Отрывок, характеризующий Гюйс и крепостной флаг России

Если цель русских состояла в том, чтобы отрезать и взять в плен Наполеона и маршалов, и цель эта не только не была достигнута, и все попытки к достижению этой цели всякий раз были разрушены самым постыдным образом, то последний период кампании совершенно справедливо представляется французами рядом побед и совершенно несправедливо представляется русскими историками победоносным.
Русские военные историки, настолько, насколько для них обязательна логика, невольно приходят к этому заключению и, несмотря на лирические воззвания о мужестве и преданности и т. д., должны невольно признаться, что отступление французов из Москвы есть ряд побед Наполеона и поражений Кутузова.
Но, оставив совершенно в стороне народное самолюбие, чувствуется, что заключение это само в себе заключает противуречие, так как ряд побед французов привел их к совершенному уничтожению, а ряд поражений русских привел их к полному уничтожению врага и очищению своего отечества.
Источник этого противуречия лежит в том, что историками, изучающими события по письмам государей и генералов, по реляциям, рапортам, планам и т. п., предположена ложная, никогда не существовавшая цель последнего периода войны 1812 года, – цель, будто бы состоявшая в том, чтобы отрезать и поймать Наполеона с маршалами и армией.
Цели этой никогда не было и не могло быть, потому что она не имела смысла, и достижение ее было совершенно невозможно.
Цель эта не имела никакого смысла, во первых, потому, что расстроенная армия Наполеона со всей возможной быстротой бежала из России, то есть исполняла то самое, что мог желать всякий русский. Для чего же было делать различные операции над французами, которые бежали так быстро, как только они могли?
Во вторых, бессмысленно было становиться на дороге людей, всю свою энергию направивших на бегство.
В третьих, бессмысленно было терять свои войска для уничтожения французских армий, уничтожавшихся без внешних причин в такой прогрессии, что без всякого загораживания пути они не могли перевести через границу больше того, что они перевели в декабре месяце, то есть одну сотую всего войска.
В четвертых, бессмысленно было желание взять в плен императора, королей, герцогов – людей, плен которых в высшей степени затруднил бы действия русских, как то признавали самые искусные дипломаты того времени (J. Maistre и другие). Еще бессмысленнее было желание взять корпуса французов, когда свои войска растаяли наполовину до Красного, а к корпусам пленных надо было отделять дивизии конвоя, и когда свои солдаты не всегда получали полный провиант и забранные уже пленные мерли с голода.

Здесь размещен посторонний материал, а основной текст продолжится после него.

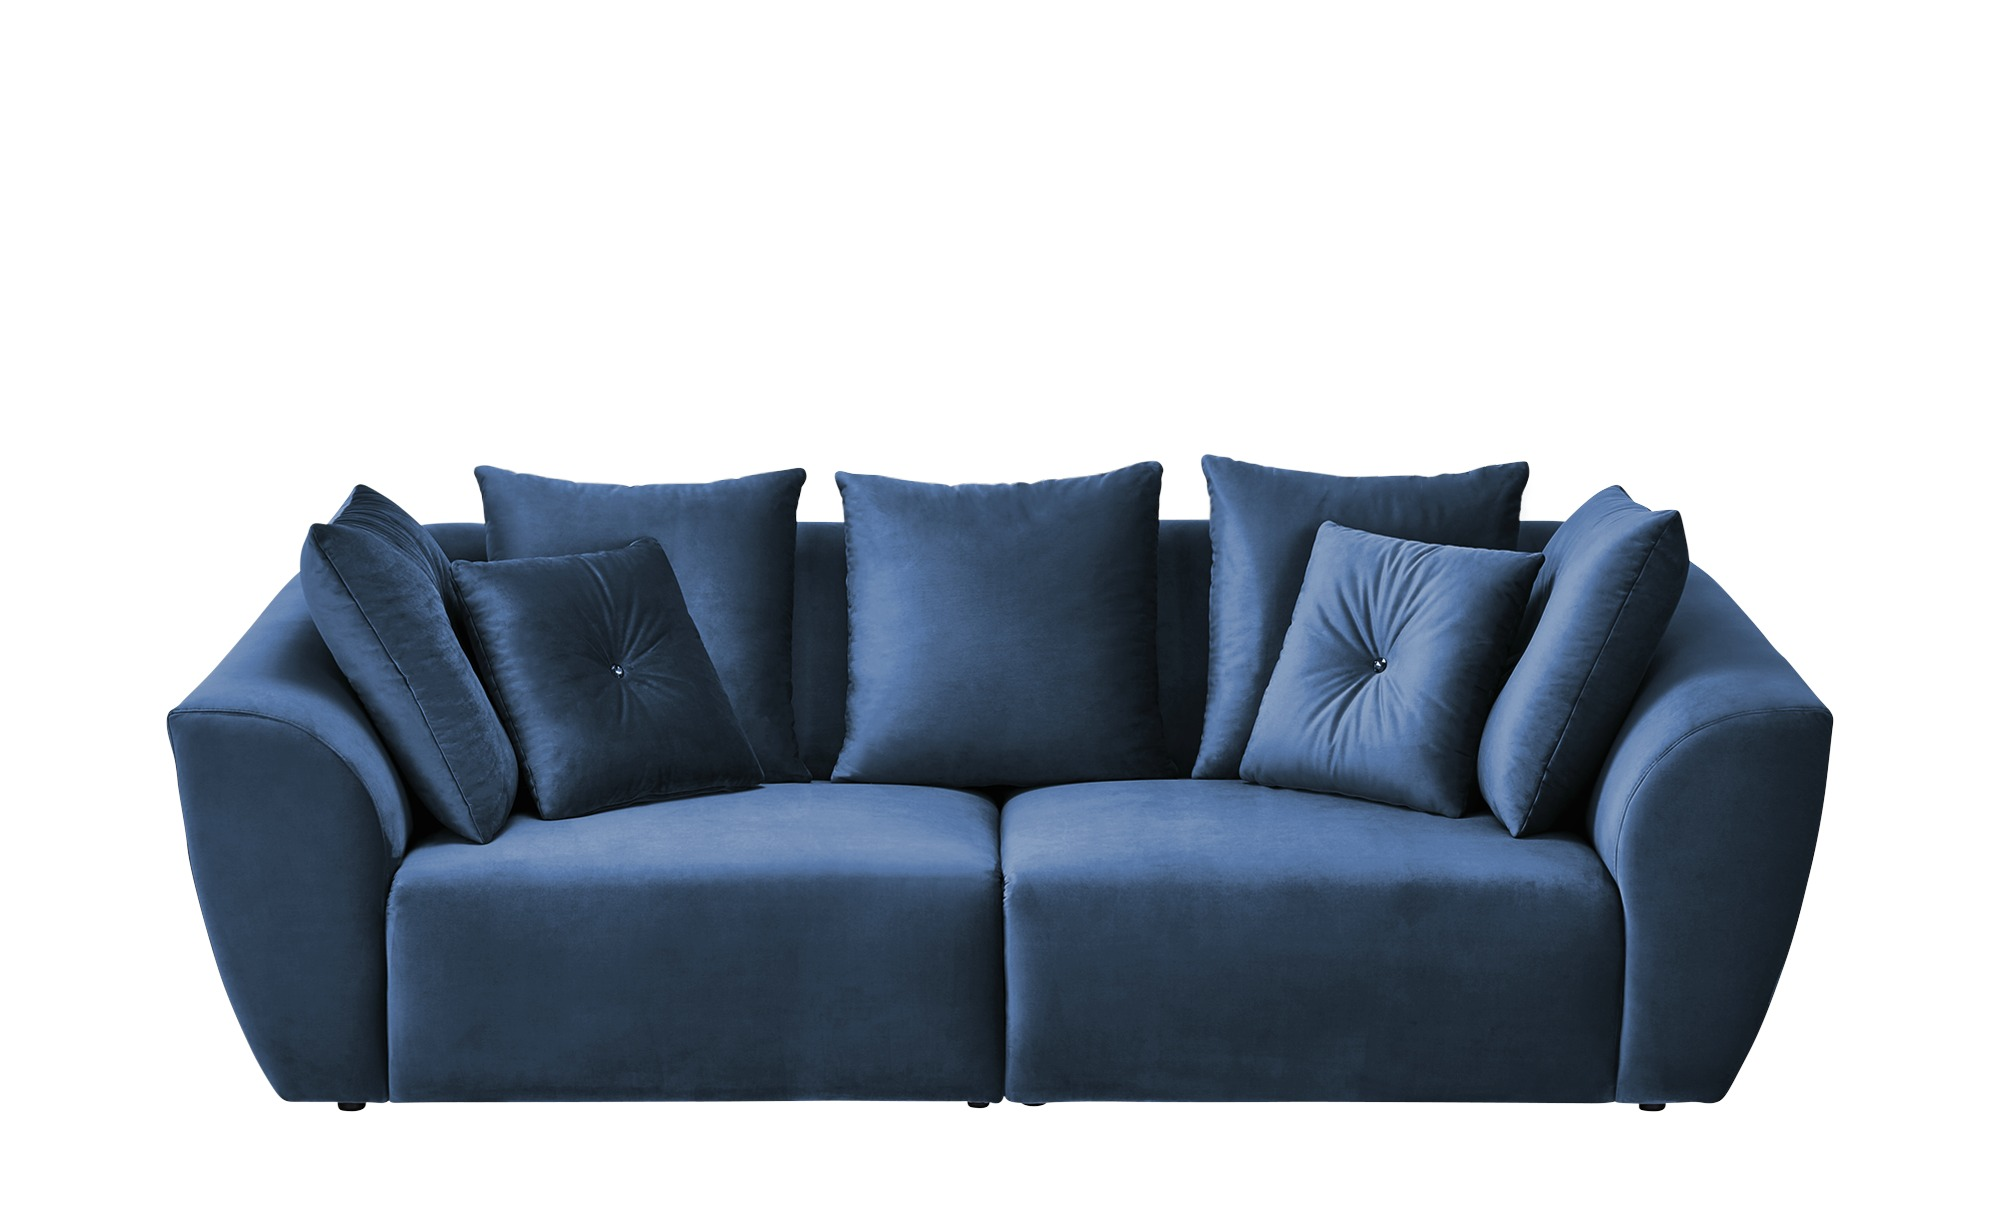 smart Big Sofa  Krista ¦ blau ¦ Maße (cm): B: 255 H: 85 T: 125 Polstermöbel > Sofas > Big-Sofas - Höffner

Весь глубокомысленный план о том, чтобы отрезать и поймать Наполеона с армией, был подобен тому плану огородника, который, выгоняя из огорода потоптавшую его гряды скотину, забежал бы к воротам и стал бы по голове бить эту скотину. Одно, что можно бы было сказать в оправдание огородника, было бы то, что он очень рассердился. Но это нельзя было даже сказать про составителей проекта, потому что не они пострадали от потоптанных гряд.
Но, кроме того, что отрезывание Наполеона с армией было бессмысленно, оно было невозможно.
Невозможно это было, во первых, потому что, так как из опыта видно, что движение колонн на пяти верстах в одном сражении никогда не совпадает с планами, то вероятность того, чтобы Чичагов, Кутузов и Витгенштейн сошлись вовремя в назначенное место, была столь ничтожна, что она равнялась невозможности, как то и думал Кутузов, еще при получении плана сказавший, что диверсии на большие расстояния не приносят желаемых результатов.
Во вторых, невозможно было потому, что, для того чтобы парализировать ту силу инерции, с которой двигалось назад войско Наполеона, надо было без сравнения большие войска, чем те, которые имели русские.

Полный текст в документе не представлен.